L118: Thank you for the observation. Both the biomechanical data and the EMGs signals were collected using the same system (DuePro, OT Bioelettronica, Italy). This system allows to acquire a combination of EMGs, raw signals (e.g. coming from an encoder) or conditioned, differential signals (e.g. coming from a load cells). The synchronization was achieved giving a common pulse trigger at the start and at the end of each acquisition. The common pulse trigger was wirelessly provided by the charging base of the DuePro system and allows to re-align the signals with a maximum time delay of ± one sampling period (488 µs in our case). In the revised version of the manuscript, we specified that both EMGs and biomechanical data were acquired with the same system.
Figure 2: Thank you. We explicitly indicate in the Figure caption the traces are average for a single participant. We decided though not to indicate the standard deviation in the Figure because the left-right average envelopes would be not clearly appreciated as they are now and because variability between cycles was remarkably small. In agreement with the reviewer comment, in the caption of Figure 2 we indicated the minimum and maximum average value of standard deviation for EMG envelopes across muscles and body sides.
Results:
Do the different circles within a subplot represent EMG envelopes of one specific subject? If so, better provide the Pearson Corr. Coeff of all subjects (mean ± std) to give a more convincing conclusion. Since the Figure 4 only showed the EMG envelopes when activated, the temporal information was ignored. More statics on the onset and duration of EMG between body sides should be provided to draw the conclusion that no side differences in modulation of muscle activity were present during rowing.
No, circles in Figure 4 correspond to the mean value across subjects for each specific time point, from recruitment to silencing. We explicitly indicate this in the caption of Figure 4. In statistics we explicitly state the procedure used for the compulation of Pearson correlation “Before computing Pearson correlation, left and right envelopes were interpolated (N=100 data points), from recruitment to silencing, and normalised with respect to the maximal value across all cycles for each leg and subject to suppress the effect of spurious factors (e.g., side-differences in electrode-skin impedance; cf. [1]).”
In Figure 3 we show instants of recruitment and silencing for all muscles tested on both sides. In Figure 4 we show that within these periods of activity, envelopes for each muscle were modulated similarly between sides. We feel these results fully characterise the symmetric activation of the lower limb muscles investigated in this study.
Reviewer 2 Report
In this paper, authors have utilized surface electromyography technique to investigate the timing of activation and silencing of lower limb muscles during indoor rowing. Their goal is to recognize target muscles for application of functional electrical stimulation during rowing. They have tested twenty healthy human subjects and analyzed the data. They have also provided a good discussion to show that the result of their research is important for consideration regarding FES-rowing protocols. However, they have not conducted any FES experiments on human patients, and I believe without data from such experiments, we cannot reach to a conclusion since patients’ muscles responses to stimulation may reveal some unexpected results.

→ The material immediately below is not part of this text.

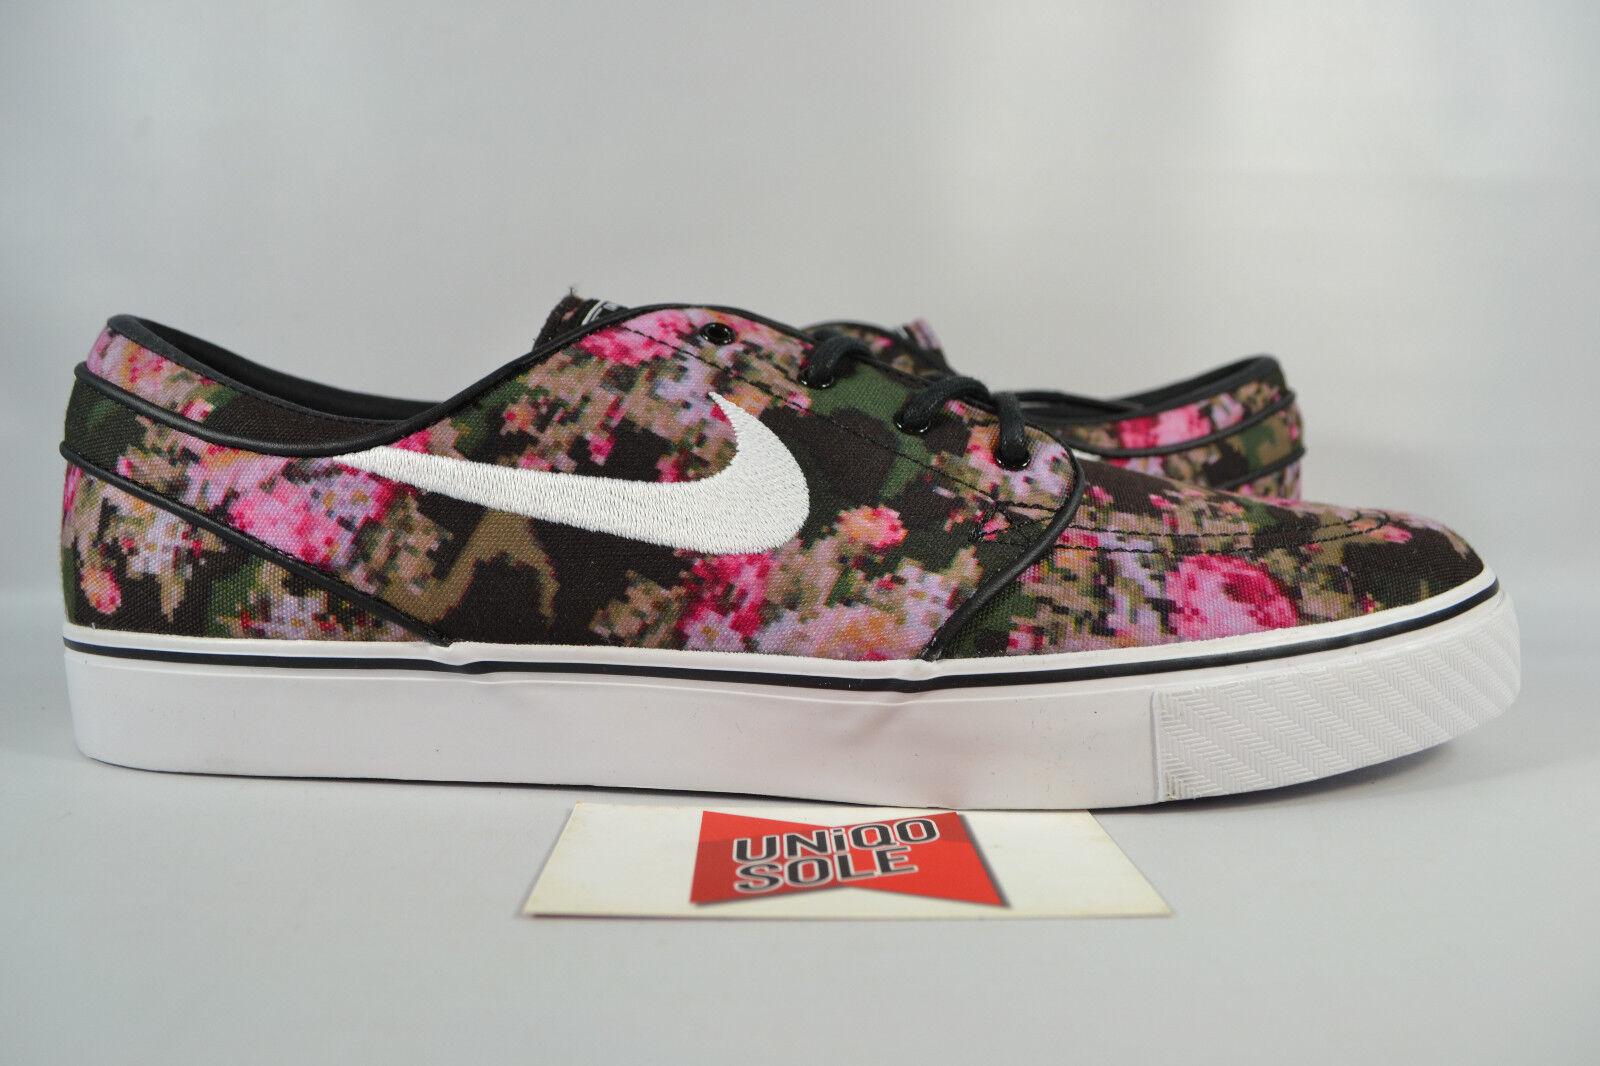 NEW Nike Zoom Stefan Janoski PR DIGI FLORAL ORIGINAL OG 482972-900 sz 7.5

Surface electromyography is a very known technique for investigation of muscle activities. Authors have not developed any new technology or method for their experiments. Regarding journal aim and scope, I found no novelty related to sensors and sensor technologies or applications in this paper.
Author Response
In this paper, authors have utilized surface electromyography technique to investigate the timing of activation and silencing of lower limb muscles during indoor rowing. Their goal is to recognize target muscles for application of functional electrical stimulation during rowing. They have tested twenty healthy human subjects and analyzed the data. They have also provided a good discussion to show that the result of their research is important for consideration regarding FES-rowing protocols. However, they have not conducted any FES experiments on human patients, and I believe without data from such experiments, we cannot reach to a conclusion since patients’ muscles responses to stimulation may reveal some unexpected results.
We agree that FES tests are required to explore the proposed improvements. This will be the subject of future reports of our on-going FES rowing research based on the present findings. We amended discussion to emphasise the potentialities of our results.
Surface electromyography is a very known technique for investigation of muscle activities. Authors have not developed any new technology or method for their experiments. Regarding journal aim and scope, I found no novelty related to sensors and sensor technologies or applications in this paper.
The present study identifies key rowing events and proposes new muscle activation profiles for FES control. This suggests the need for new sensor and real time analysis for FES control. For example, real-time detection algorithms for the key events observed in the able-bodied rowers. Such detectors could be based on EMG patterns from muscles that retain their innervation after SCI or by using motion sensors such as IMUs. In any case, detection rules need be developed, most likely using either hand-crafted or machine learning techniques (our references 34 and 35). It is anticipated that these event detectors would then be incorporated into FES controllers such as fixed finite-state (our reference 22). The events and muscle activation profiles found in the present study could be used as the initial conditions for self-adaptive control based on machine learning (our new reference 43). We propose to investigate jump-starting reinforcement learning control (our new reference 44), where the observed muscle activation profile in able-bodied rowers can be used to direct a reinforcement-learning algorithm to solutions based on normal patterns of muscle activity.
Reviewer 3 Report
This paper looks at the timings of muscle activation during stationary rowing performed by elite rowers. The idea is to use the patterns to guide development and selection of the muscle stimulated and their timings during FES rowing. This concept has been tried with FES cycling and to my knowledge this hasn’t has not resulted in much gain at all. To some extent, success depends on what the actual goal is.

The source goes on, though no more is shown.